Terror Attacks, Climate Change, Cancer: Connecting the Dots

My video on Mornings with Marilyn recently was about the terror attack in Sri Lanka over Easter. In that video, I touched upon some metaphors to help explain what we humans are doing to ourselves. In a nutshell: self-destruction.

Previously, I spoke about Christchurch as well, and the need for compassion and love to overcome hate and insecurity.

If we take the example of cancer, which is an auto-immune condition, we see that cancer is a way for the body to attack something in itself that it determines to be a threat. We attack our own immune system. Apply this to racism and hate crimes, and we see that we are attacking our own brothers and sisters because we perceive them as a threat. In this one organism, Earth, some of us deem others to be “bad, wrong, less than” and commence killing them. The result is pain and destruction that impacts the whole organism, or society and nature as a whole.

We humans are doing exactly the same thing to the climate. We are destroying our own life support systems – ocean life, forests and wildlife, freshwater systems, soil, and more – under the guise of “development” – which is really overconsumption and short-sighted political and economic greed. As a result, we are facing accelerating climate change, another kind of cancer that affects everyone, and every part of our global organism, albeit in different ways. The horrific California fires, intensifying Pacific cyclones, and many other signals cannot be ignored or denied.

As we destroy climate stability, we are also destroying our bodies. Eating meat and dairy products has a significant negative impact on climate change, and is associated with a host of lifestyle diseases, including obesity, diabetes, heart disease, and yep, cancer. Driving cars and flying in planes (I am very guilty on the latter), contributes to greenhouse gas emissions as well as asthma and other illnesses.

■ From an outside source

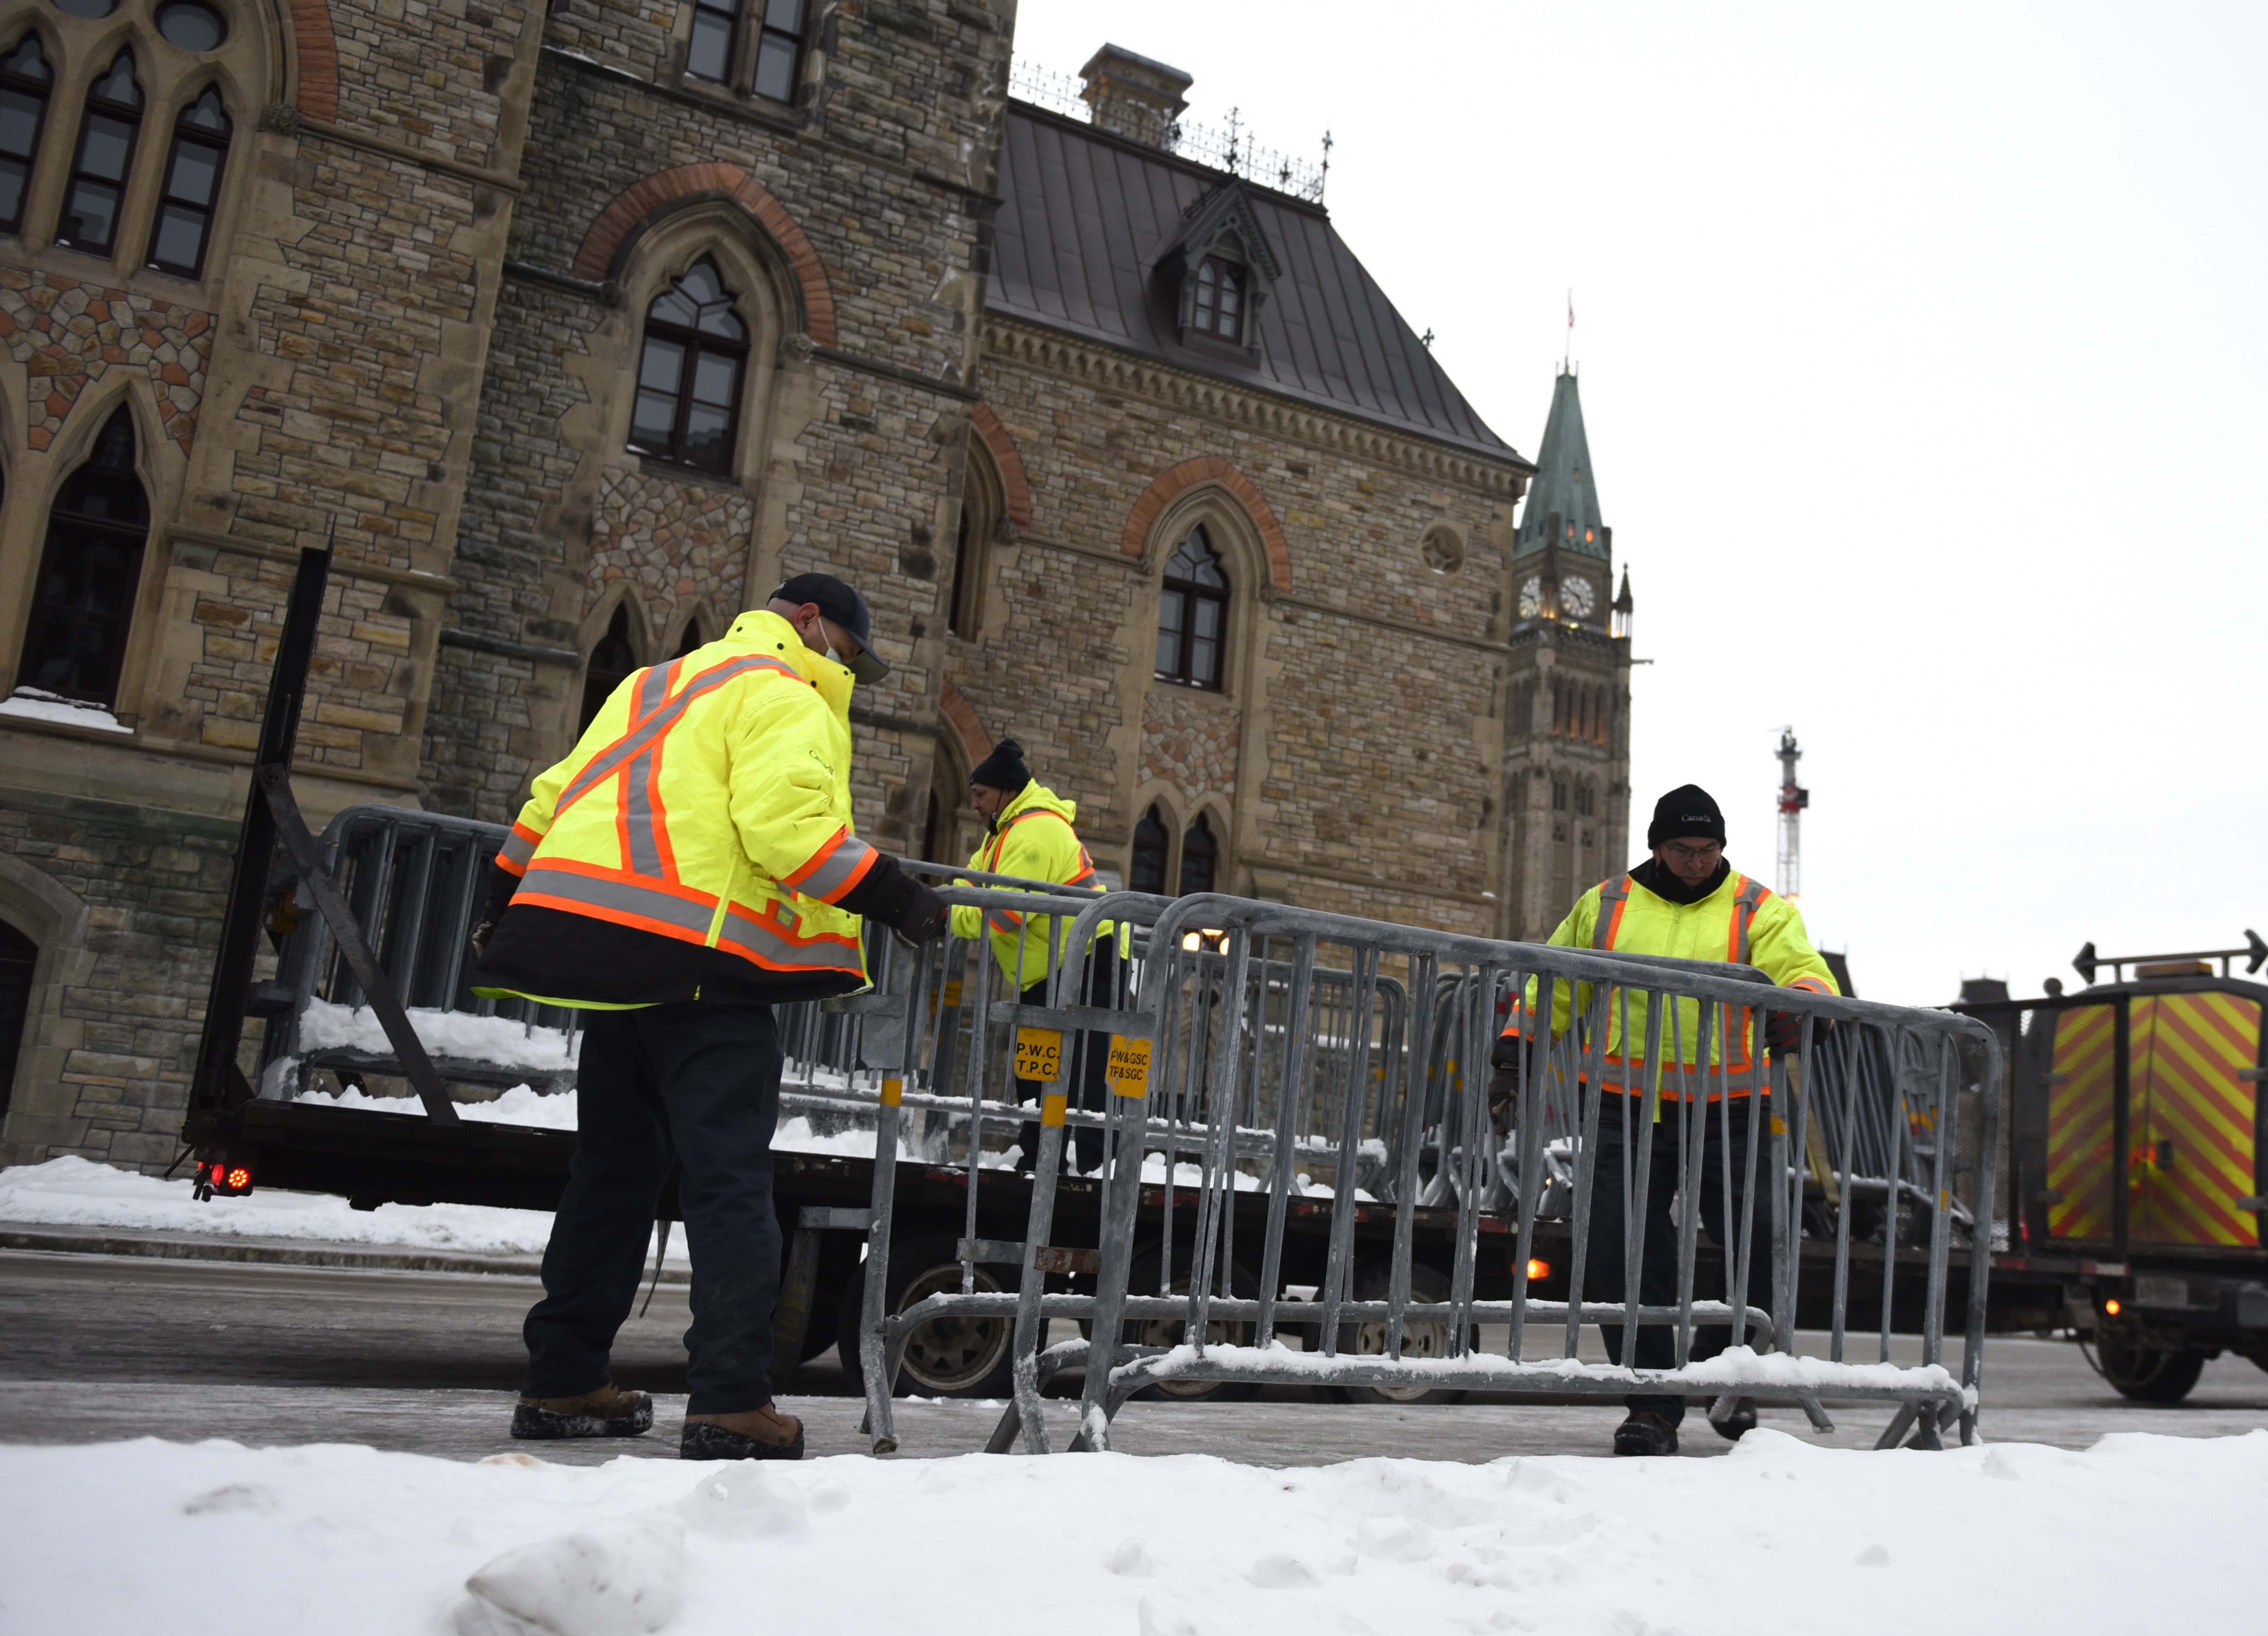 Workers set up barricades in front of Parliament. Photo by the Canadian Press

Thankfully, there is hope; nature shows us a way. In nature, diversity of genes, functions, shapes, sizes, colors and more is prized as a path to resilience. Nature values differences to make a robust whole in the form of ecosystems. If we return to nature’s principle for affirming life, we would embrace diversity of religion, creed, thought, ethnicity, race, sexuality, gender, and so much more, instead of perceiving them as threats. As I’ve said before, there is no scientific basis for racism. Also, in nature there is no waste, and we would be wise to adopt a more “cradle to cradle” approach, and some companies are leading the way, yay!

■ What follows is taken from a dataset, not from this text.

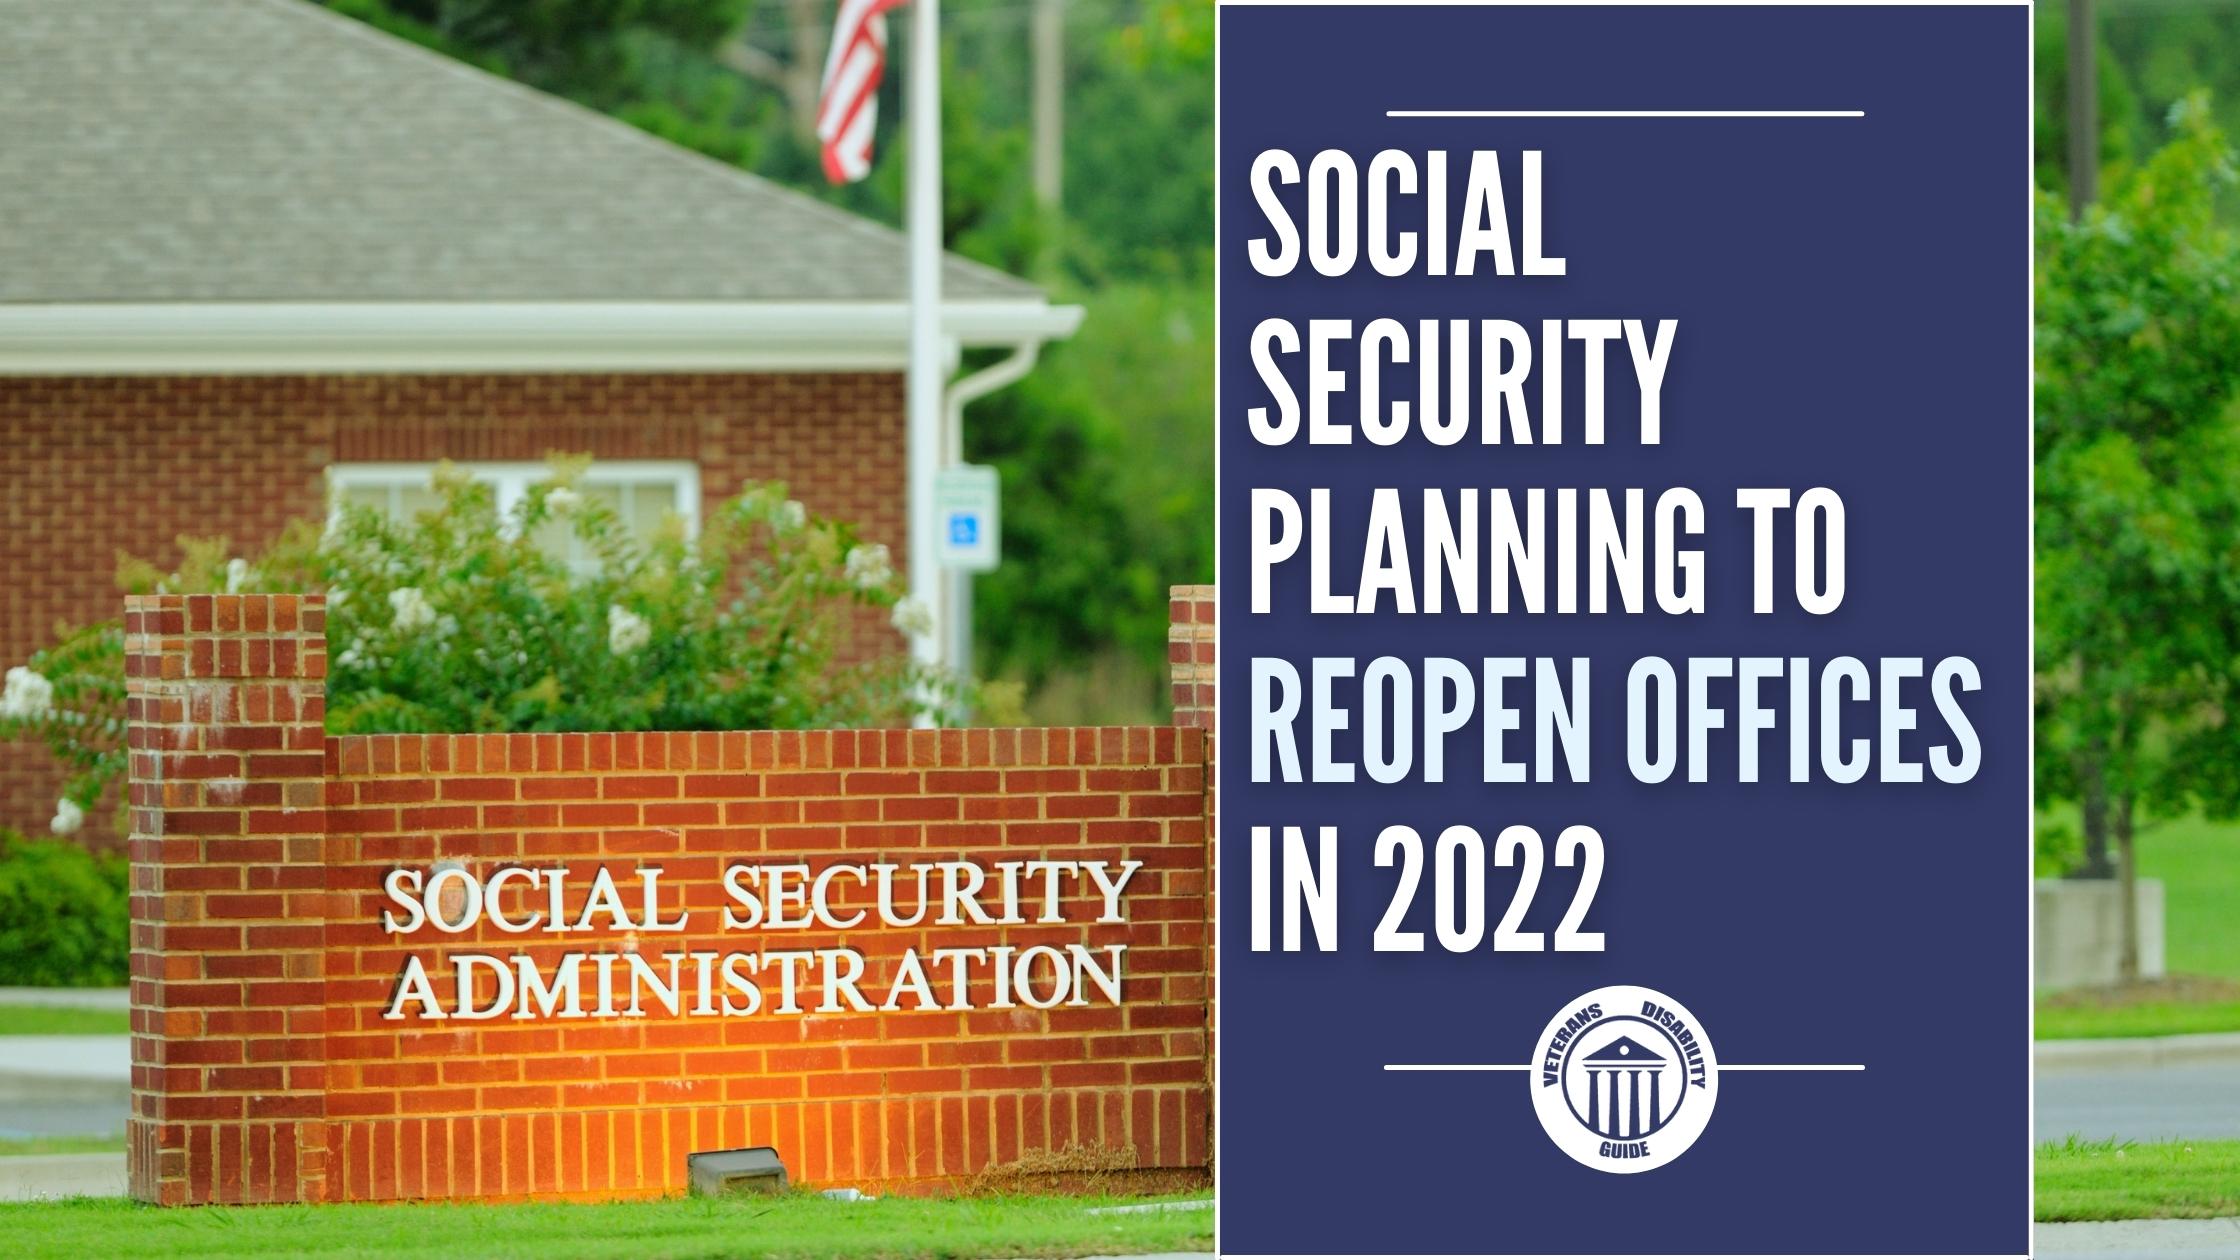 Social Security Planning to Reopen Offices in 2022 blog header image

We must restore us humans as a harmonious part of the richly diverse organism we call Earth, an idea that is now quite mainstream, according to this New York Times opinion piece. To bring us back to balance, we must uproot the trauma that leads us to anger, hate, and aggression in our own daily lives. It begins within, and reflects into the outer world. Every harm we cause to another, we cause to ourselves.